## [RECORDED DATA]
»»

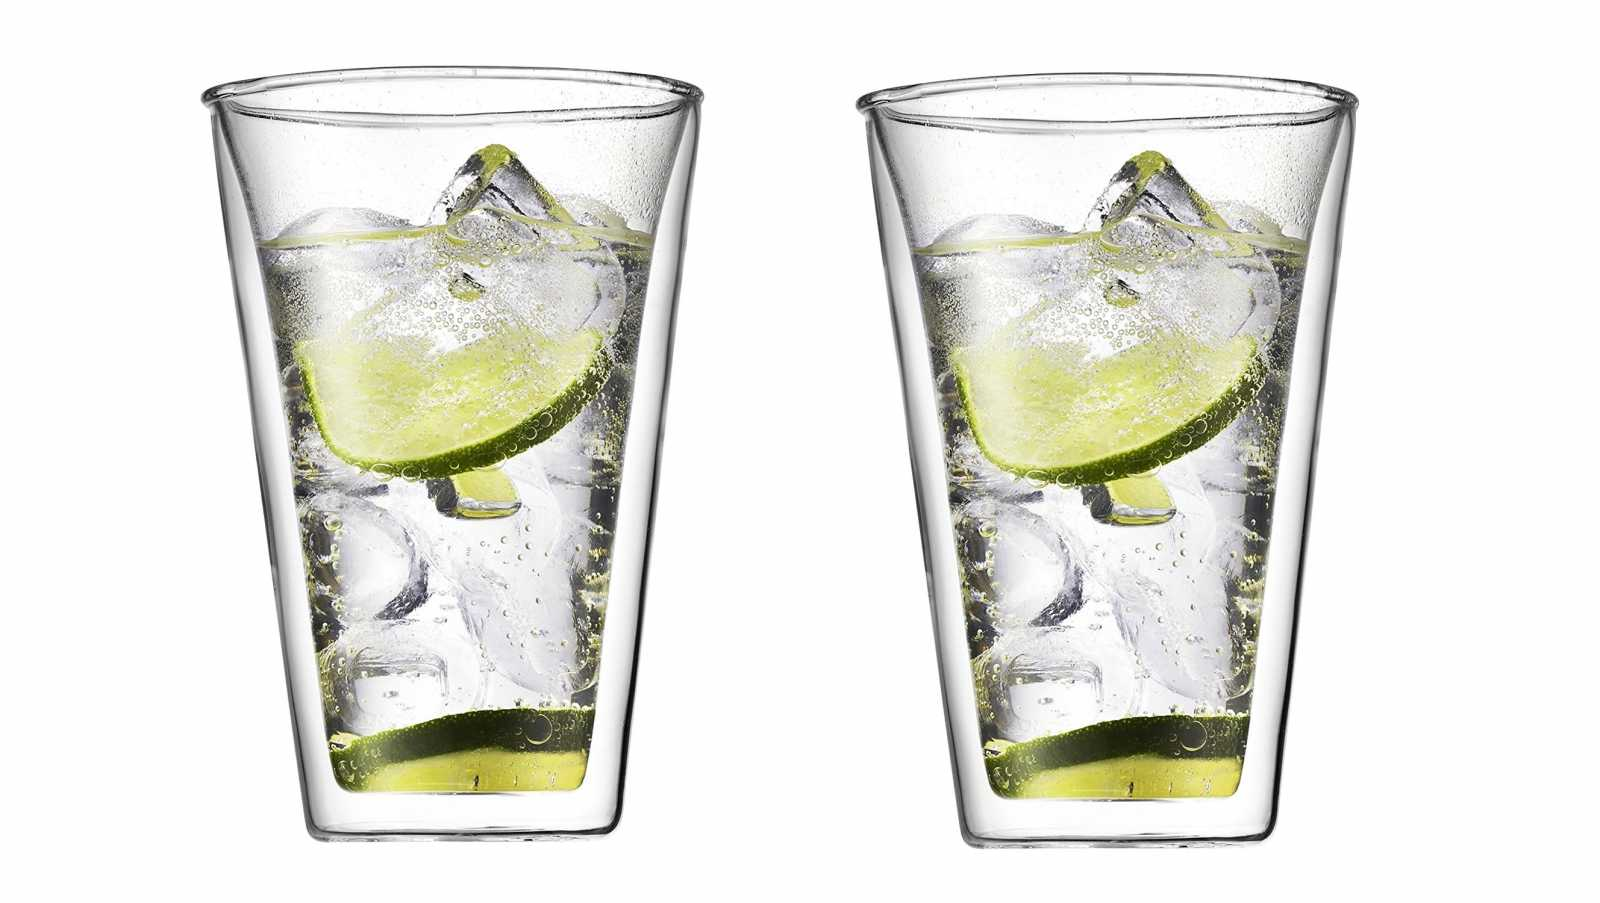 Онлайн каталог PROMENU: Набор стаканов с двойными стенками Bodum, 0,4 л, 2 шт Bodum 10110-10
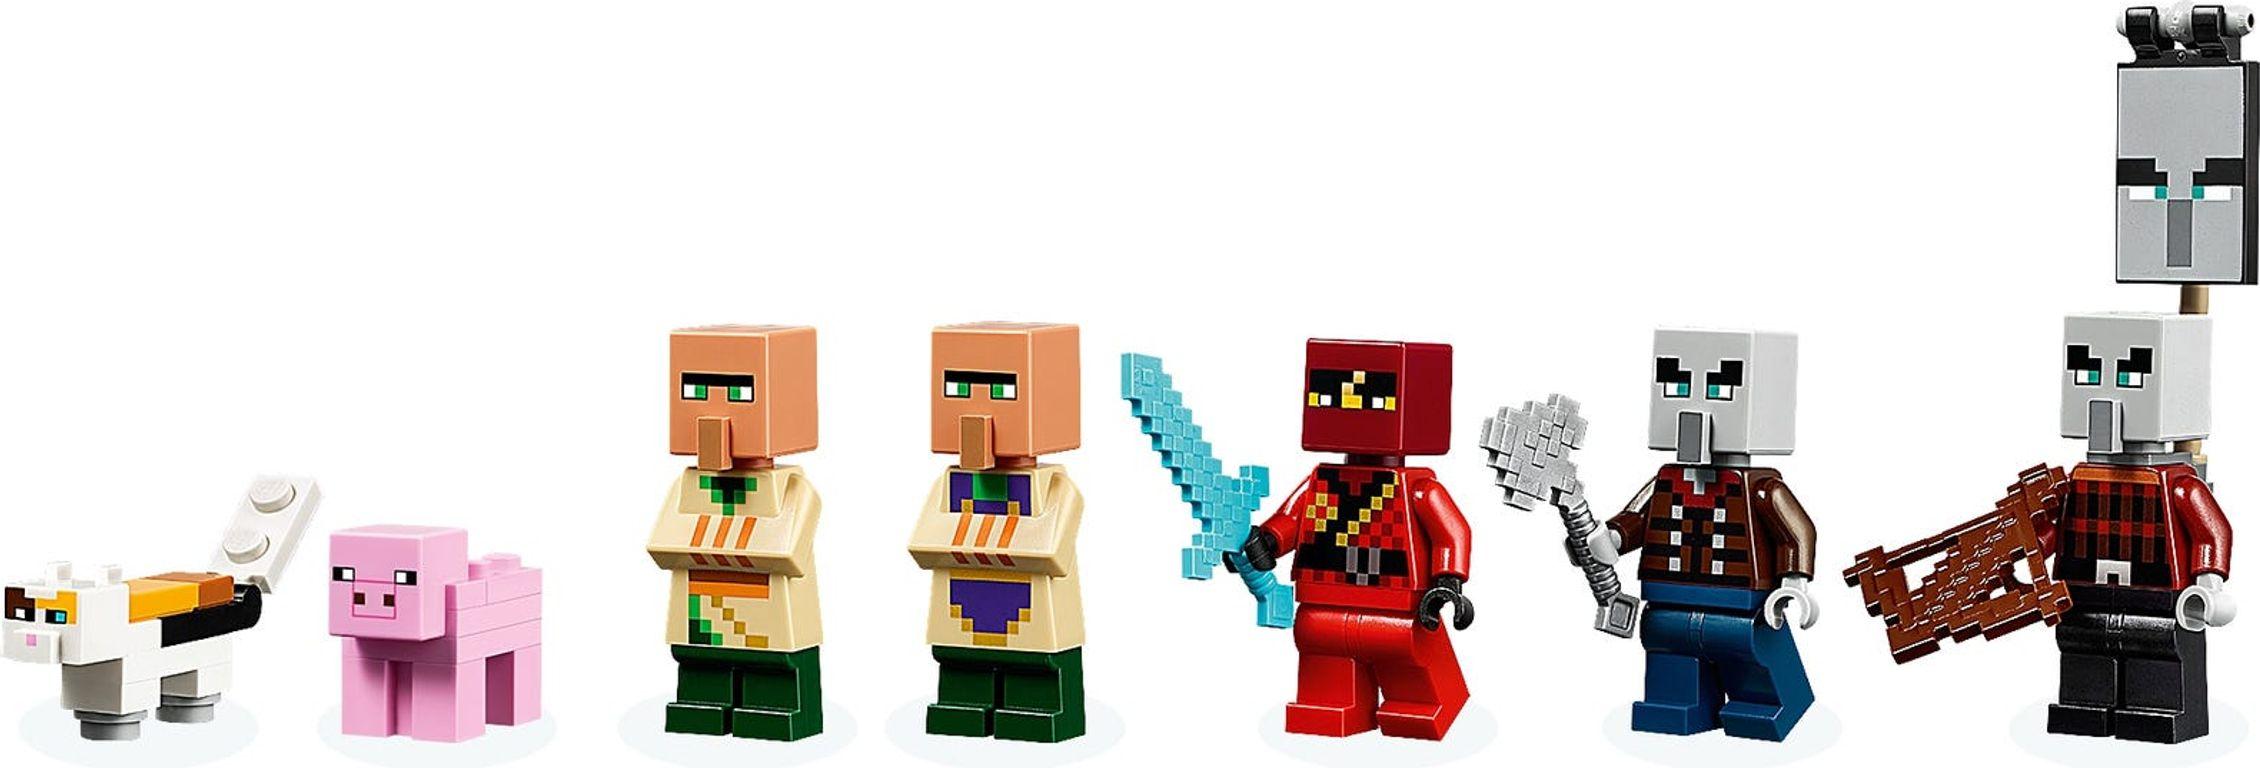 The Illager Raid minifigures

««
»»

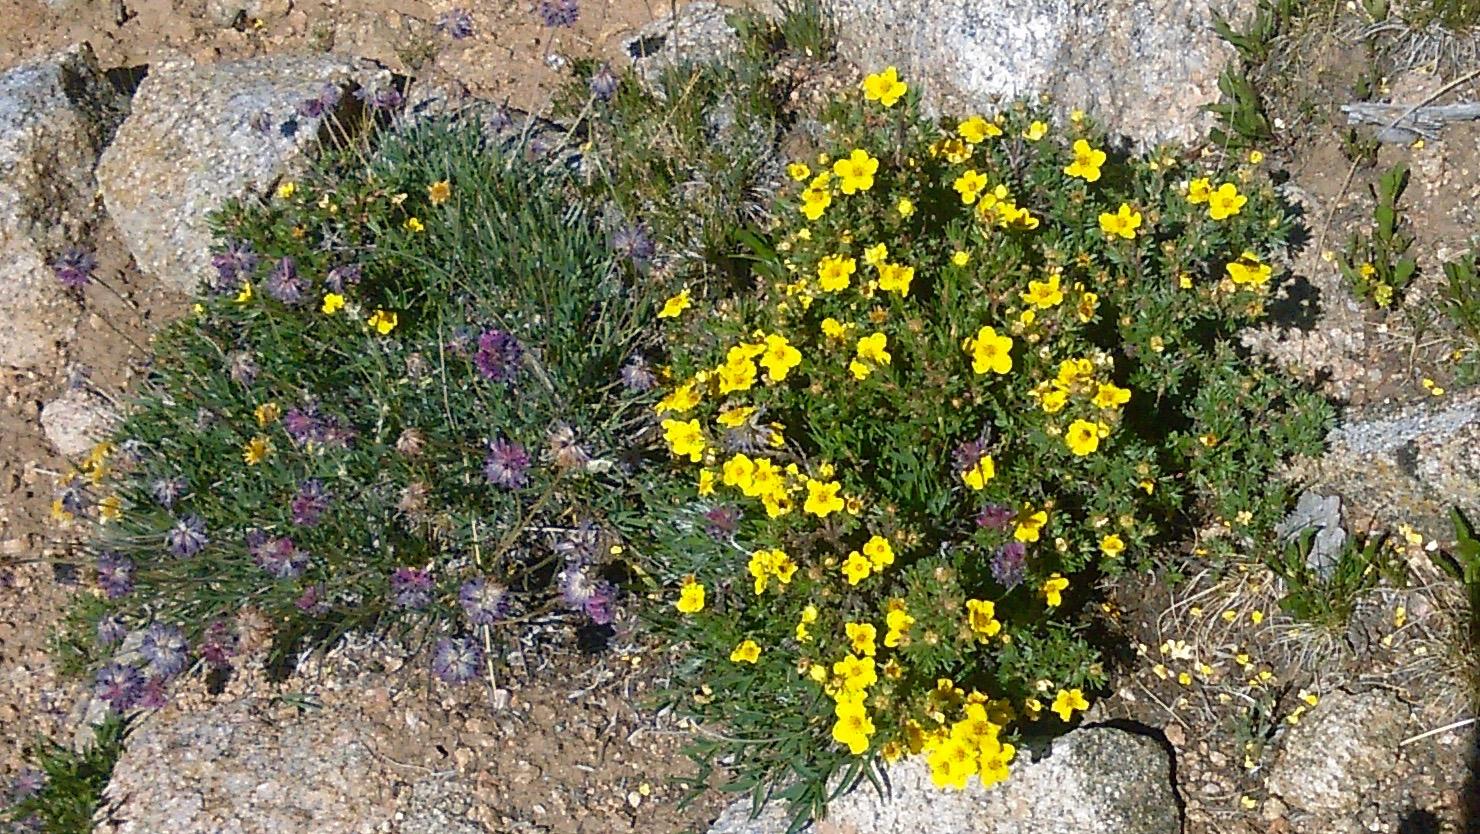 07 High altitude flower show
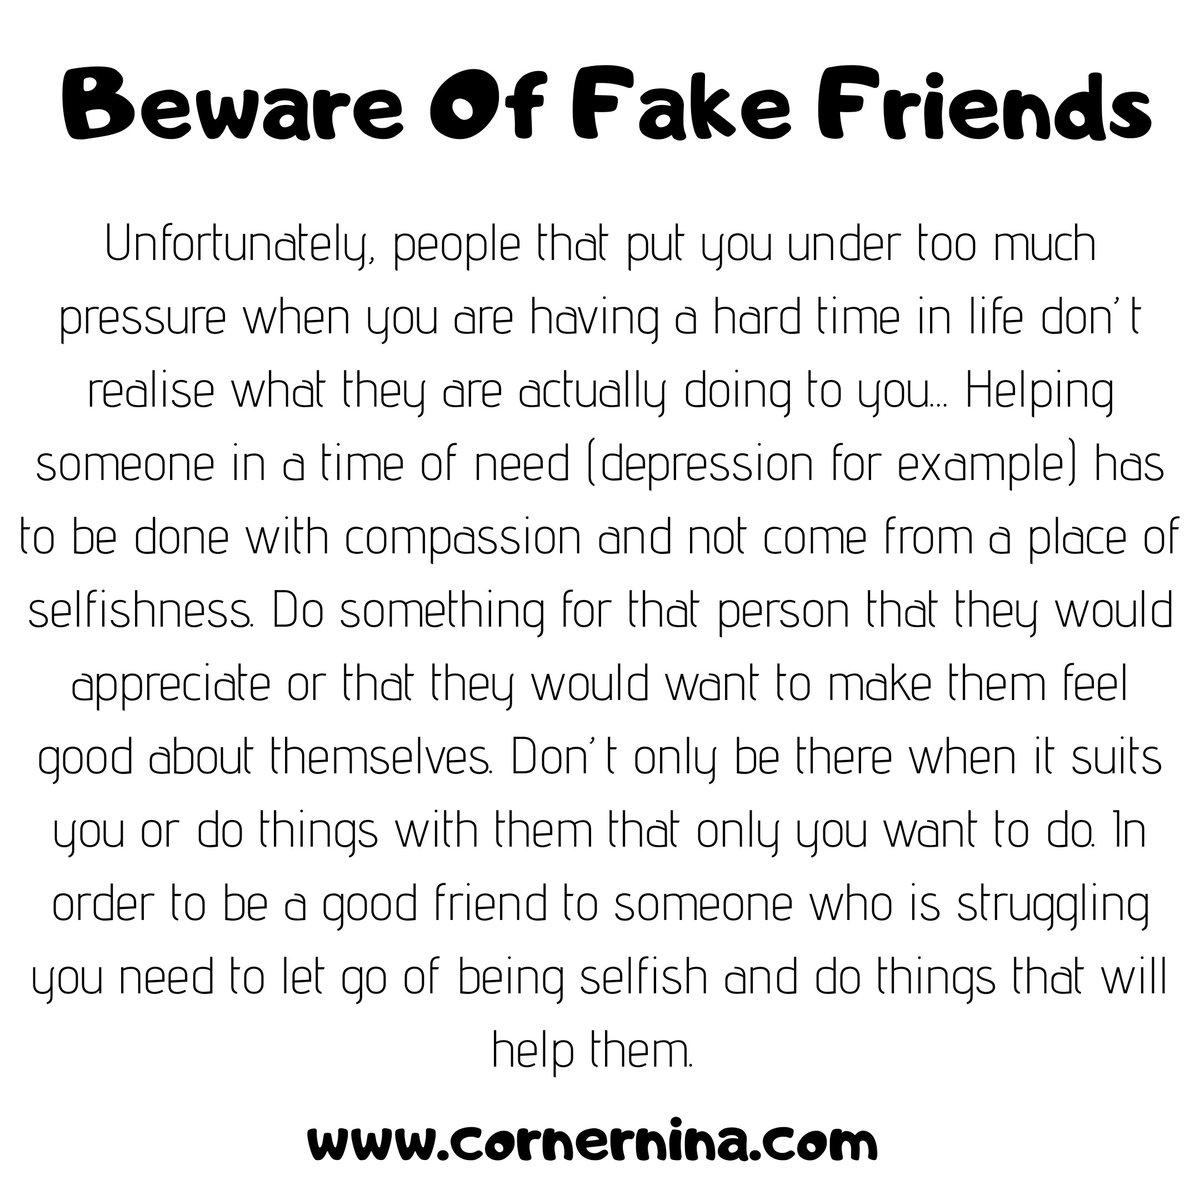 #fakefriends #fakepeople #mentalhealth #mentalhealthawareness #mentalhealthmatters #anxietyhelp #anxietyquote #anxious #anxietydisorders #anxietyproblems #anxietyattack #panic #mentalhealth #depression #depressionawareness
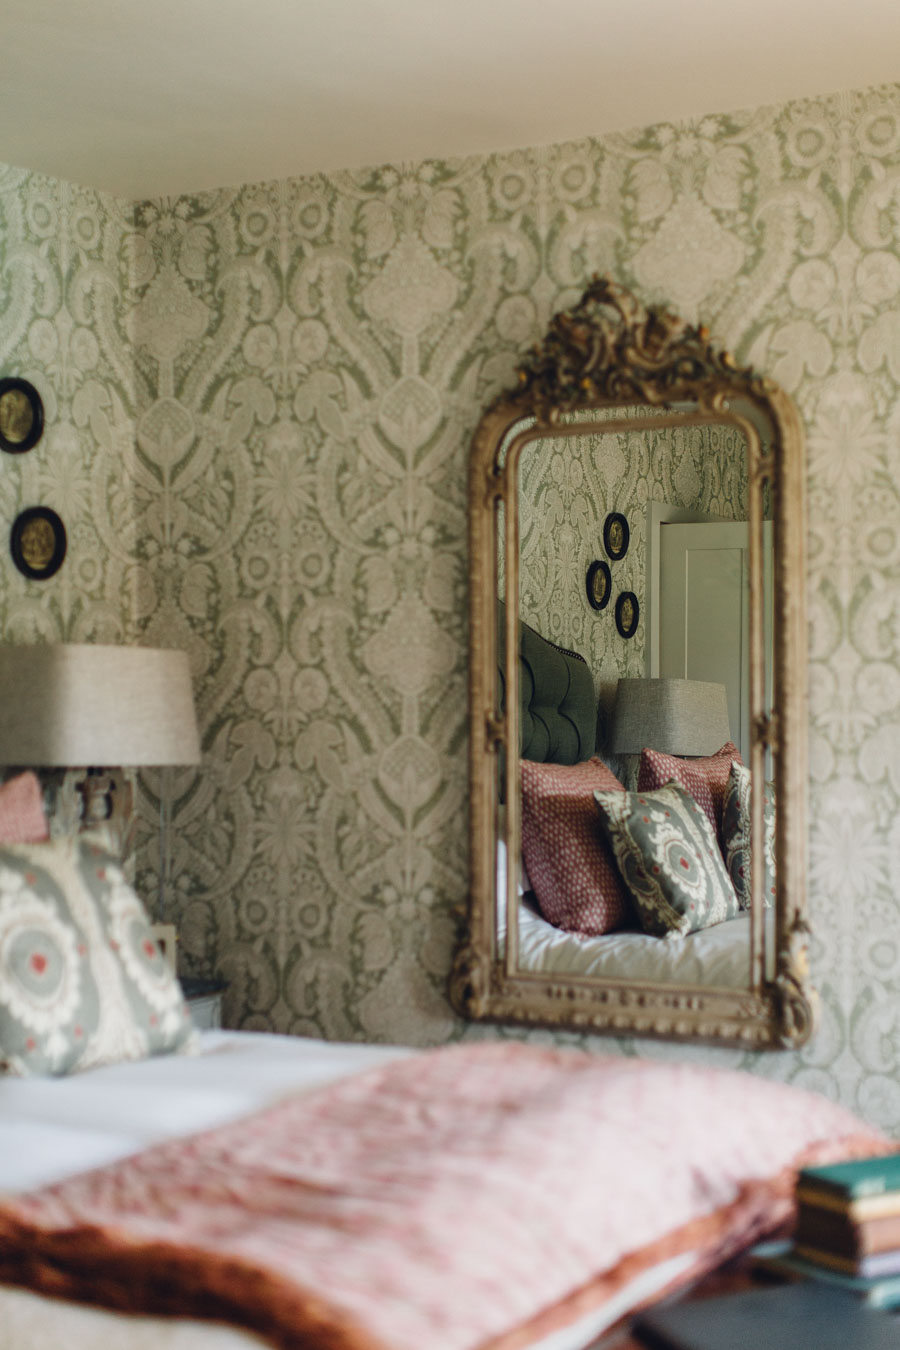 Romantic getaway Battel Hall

««

## [TASK PROMPT]
Extract the part of the records that opens with the line containing "Онлайн каталог PROMENU: Набор" and closes with the line containing "The Illager Raid minifigures". Take only those lines, exactly, and no pictures.

## [EXERCISE ANSWER]
 Онлайн каталог PROMENU: Набор стаканов с двойными стенками Bodum, 0,4 л, 2 шт Bodum 10110-10
 The Illager Raid minifigures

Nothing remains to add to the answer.